A closed-unmerged PR means a human reviewed the fix and rejected it. If the playbook has a lesson derived from that fix, the lesson is likely a bad pattern. It should be removed from future agent context.

The demote logic:

  1. Find tickets where needsHumanReview: true was set (meaning the agent itself flagged uncertainty)
  2. Check whether the PR for that ticket was closed without merge
  3. If yes, find all playbook bullets with learned_from: TICKET-ID
  4. Set deprecated: true on those bullets
if (ticket.planGate?.needsHumanReview && ticket.pr?.state === 'closed') {
  const bullets = playbook.filter(b => b.learned_from === ticket.ticket);
  for (const bullet of bullets) {
    bullet.deprecated = true;
    bullet.demoted_on = new Date().toISOString();
    bullet.demoted_reason = 'pr_closed_unmerged';
  }
}

Bullets are never deleted — they’re soft-deprecated. The deprecated: true flag causes the loader to exclude them from retrieval. The record is preserved for audit purposes.

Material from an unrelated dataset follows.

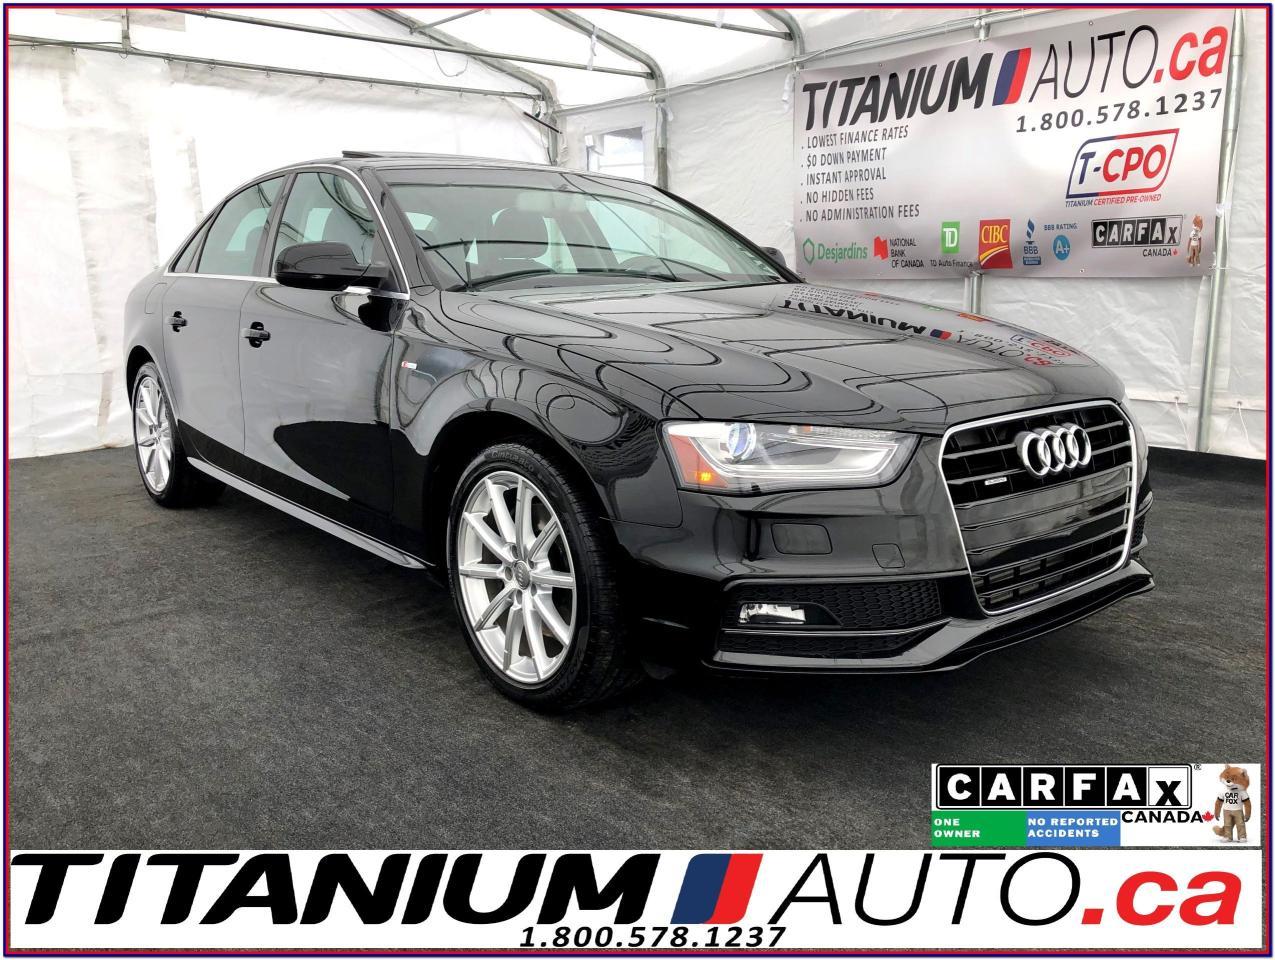 2015 Audi A4 S Line-Progressiv+-Quattro-Camera-GPS-Sunroof-HID-

BM25 Retrieval Over Static Keywords

Retrieval quality matters as much as KB quality. The naive approach — deriving query keywords from the ticket ID (CTMS-4337 → keywords ['CTMS', '4337']) — matches zero bullets in practice. Ticket IDs carry no semantic content.

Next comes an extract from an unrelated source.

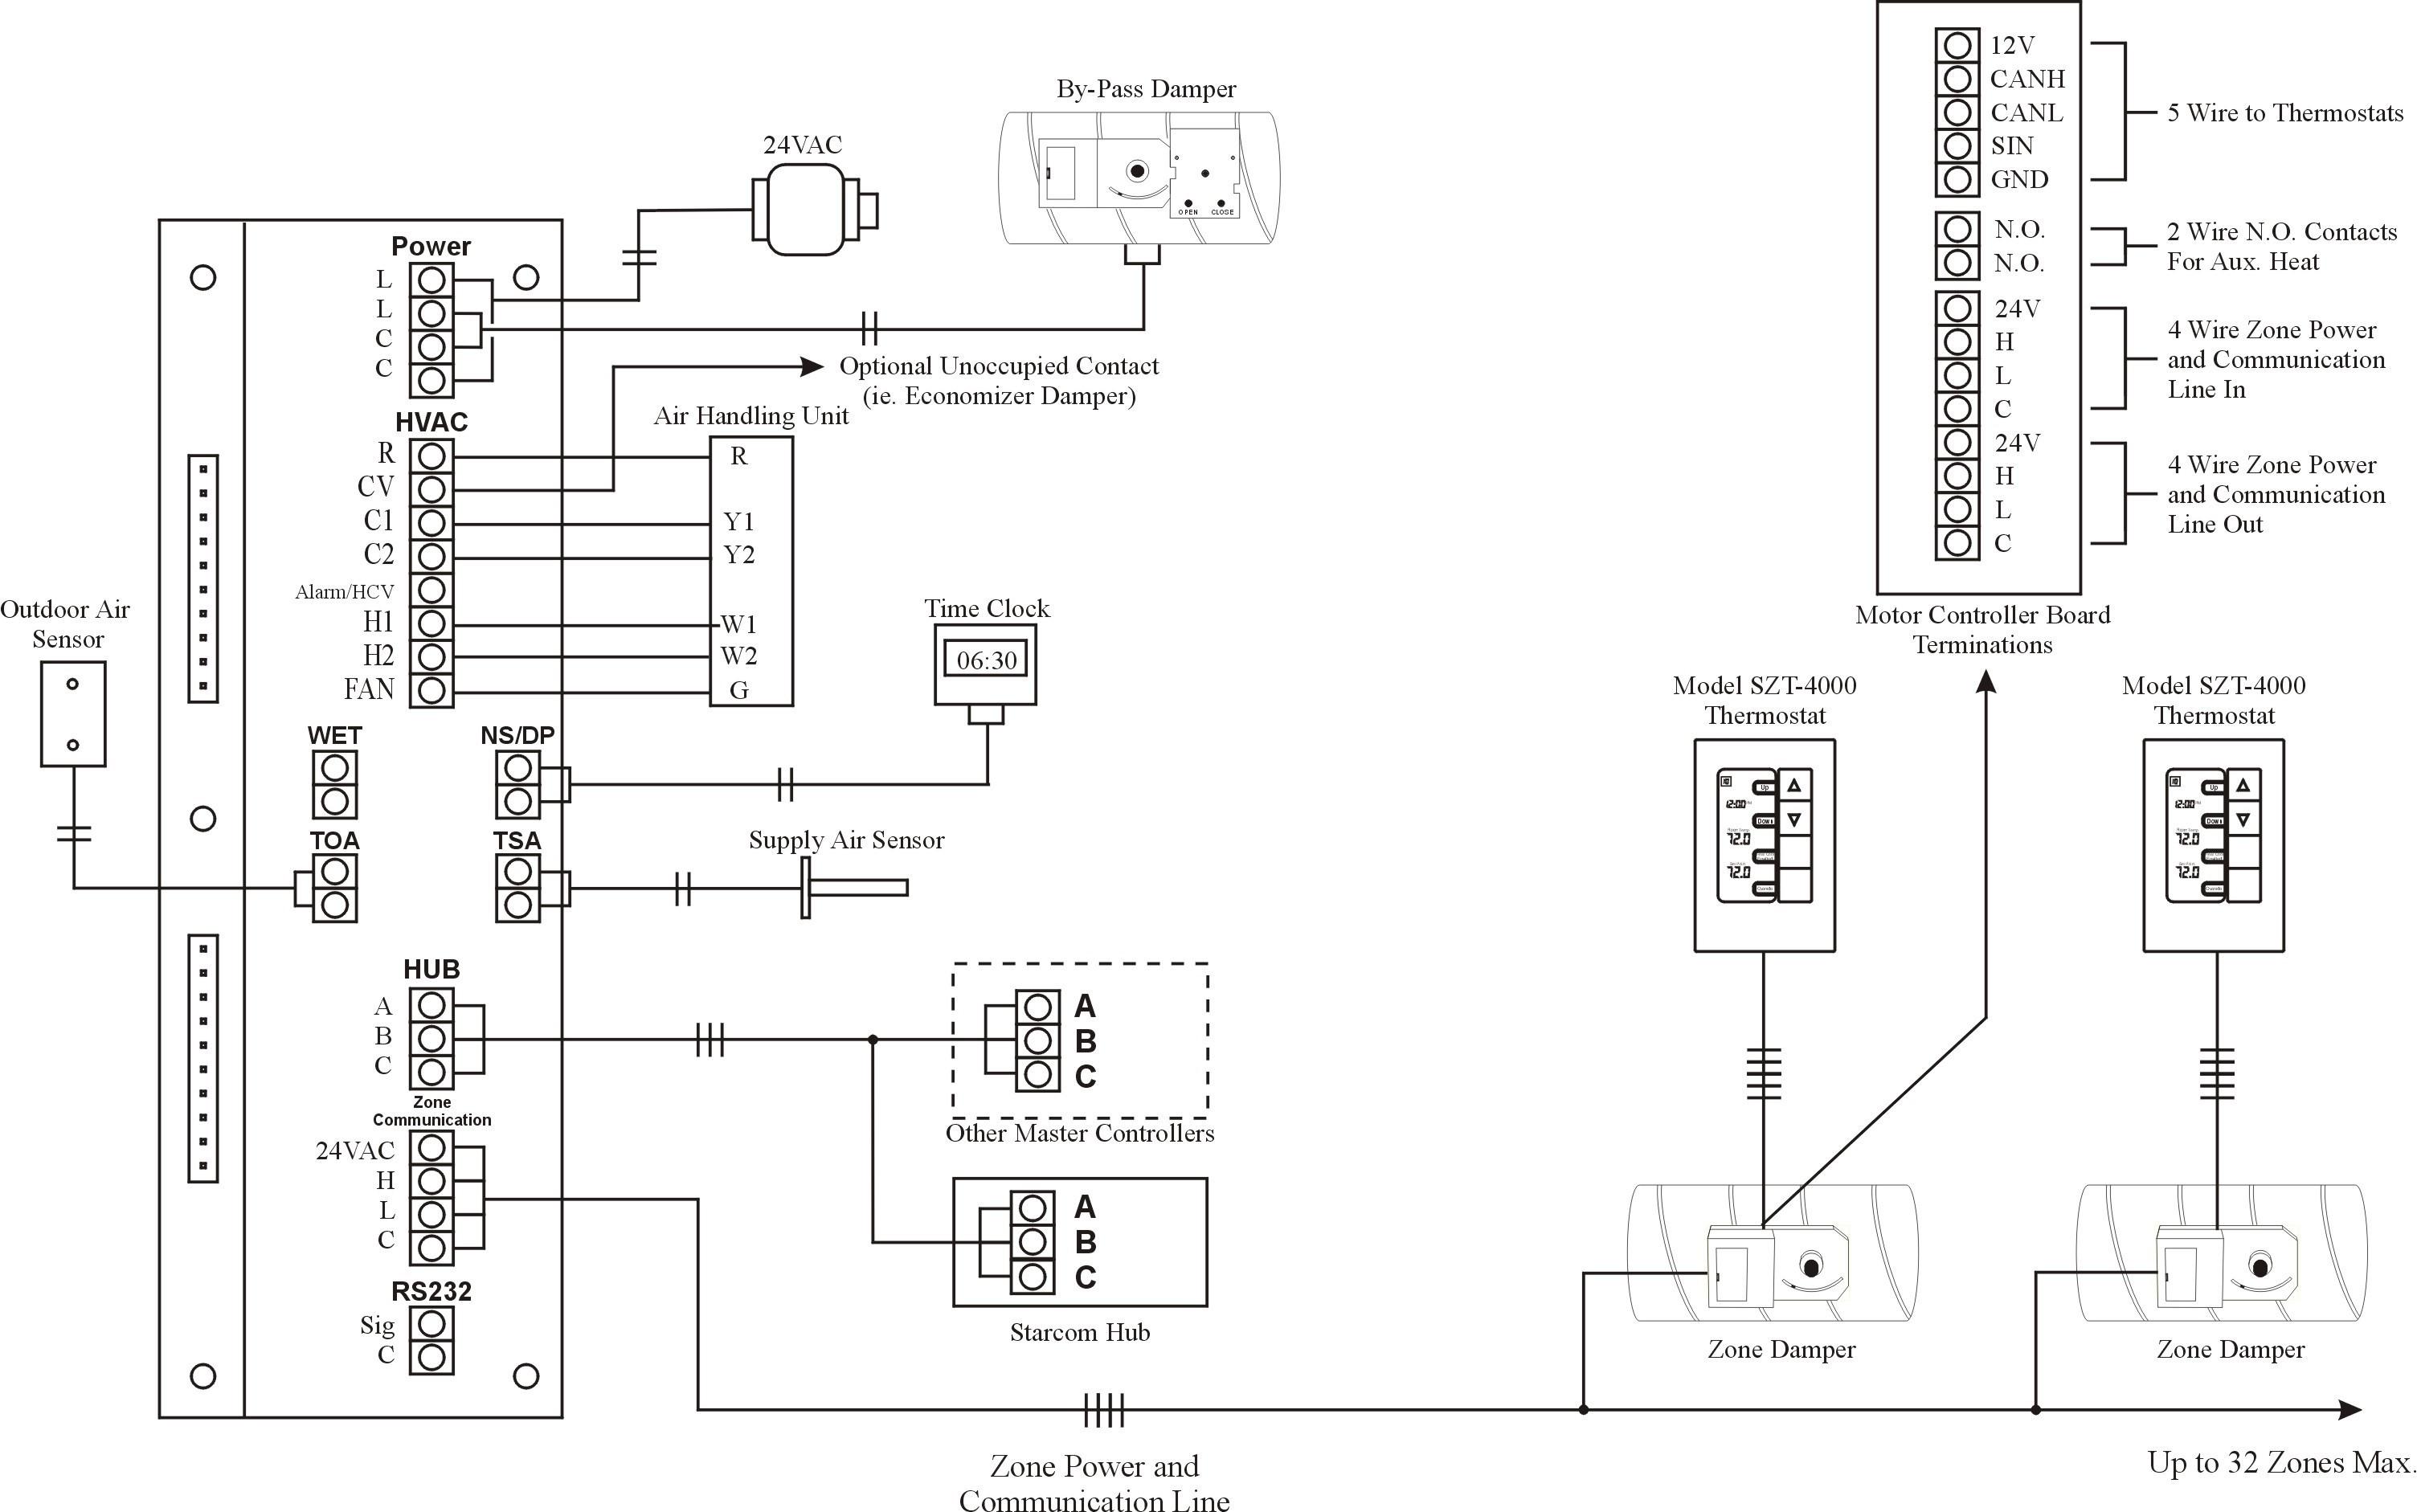 Adt Focus Wiring Diagram | Wiring Diagram on

The correct approach derives keywords from the ticket’s content: summary, description, and labels. BM25 tokenizes internally, so you don’t need to over-normalize — just pass the raw text.

function synthesizeKeywords(ticket: JiraTicket): string[] {
  return [
    ticket.summary,
    ticket.description?.slice(0, 500) ?? '',
    ...(ticket.labels ?? []),
  ].filter(s => s.length > 0);
}

Cap description length. Long ticket bodies dominate term-frequency weighting and drown out the summary and label signal that’s actually most relevant for playbook matching.


The Prune Command

Beyond auto-demote, run periodic pruning on bullets that have been in the corpus for more than 30 days without any load or cite events. These are lessons that no ticket has triggered — dead weight.

Add safety gates:

  • Minimum bullet age (don’t prune something added yesterday)
  • Minimum observation period (don’t prune anything until you have 30 days of data)
  • Dry-run by default (show what would be pruned before doing it)

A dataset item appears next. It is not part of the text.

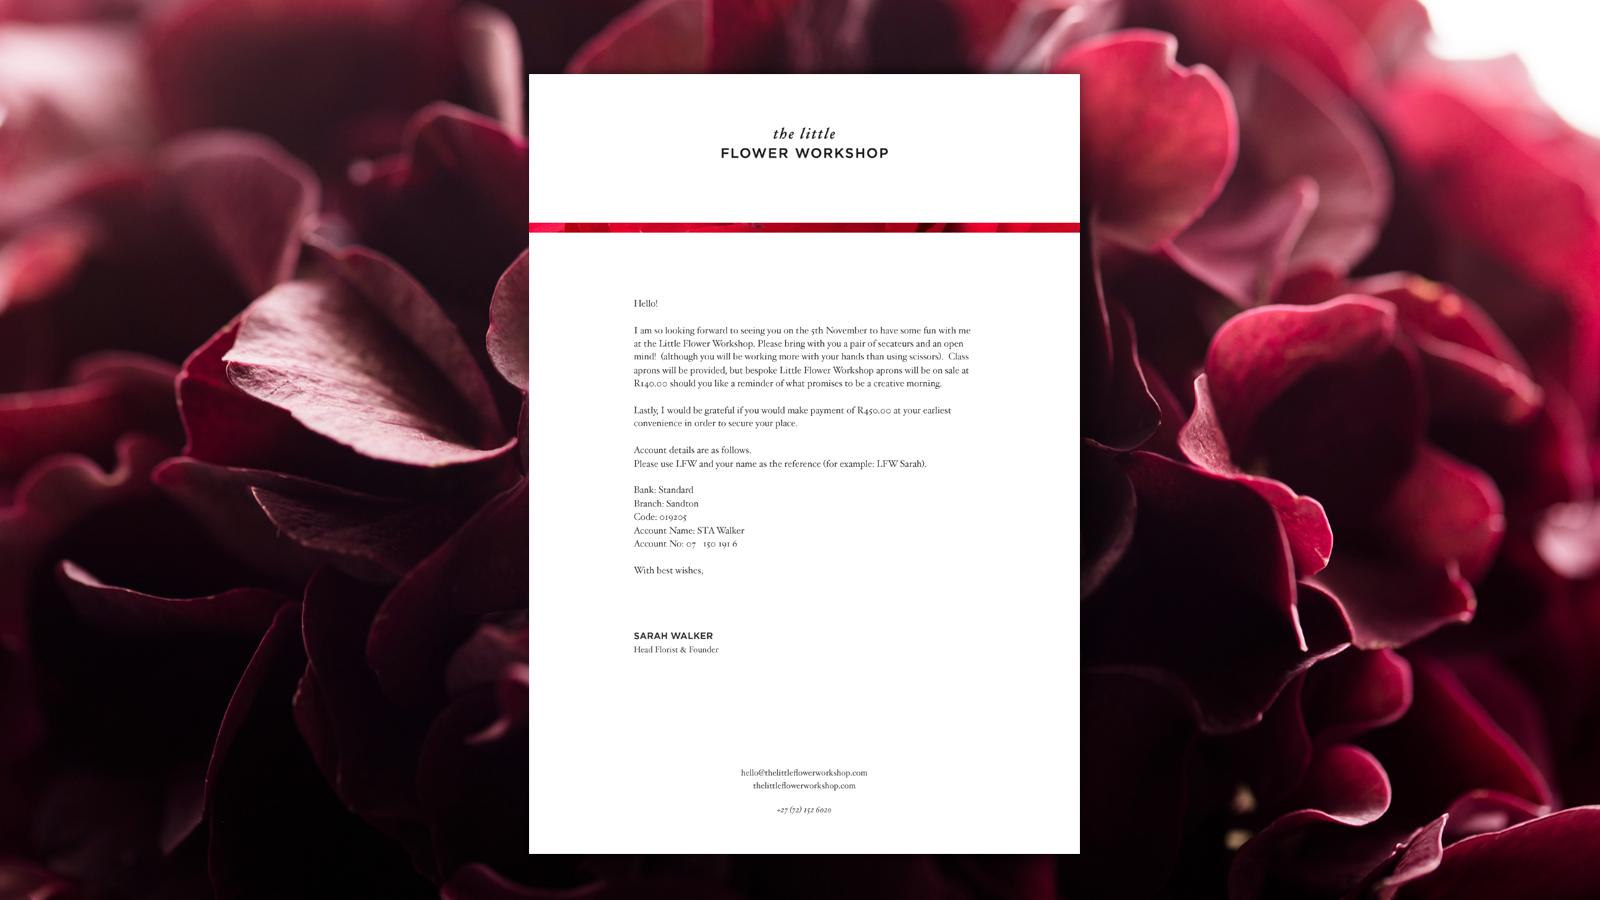 The-Little-Flower-Workshop-Letterhead-Designed-By-ALSO-Agency

The combination of auto-demote (reacts to explicit rejection signals) and scheduled pruning (clears unused lessons) keeps the playbook from accumulating noise indefinitely.


Why This Matters

A 200-bullet playbook where 40 bullets are stale or counterproductive is worse than a 100-bullet playbook where every bullet applies. Context window space is finite. Retrieval recall degrades as noise increases. The agent reads irrelevant bullets and either ignores them (wasted tokens) or is confused by them (active harm).

The feedback loop — retrieve, record, cite, measure, demote — turns the knowledge base from a write-only log into a living system that improves with every run.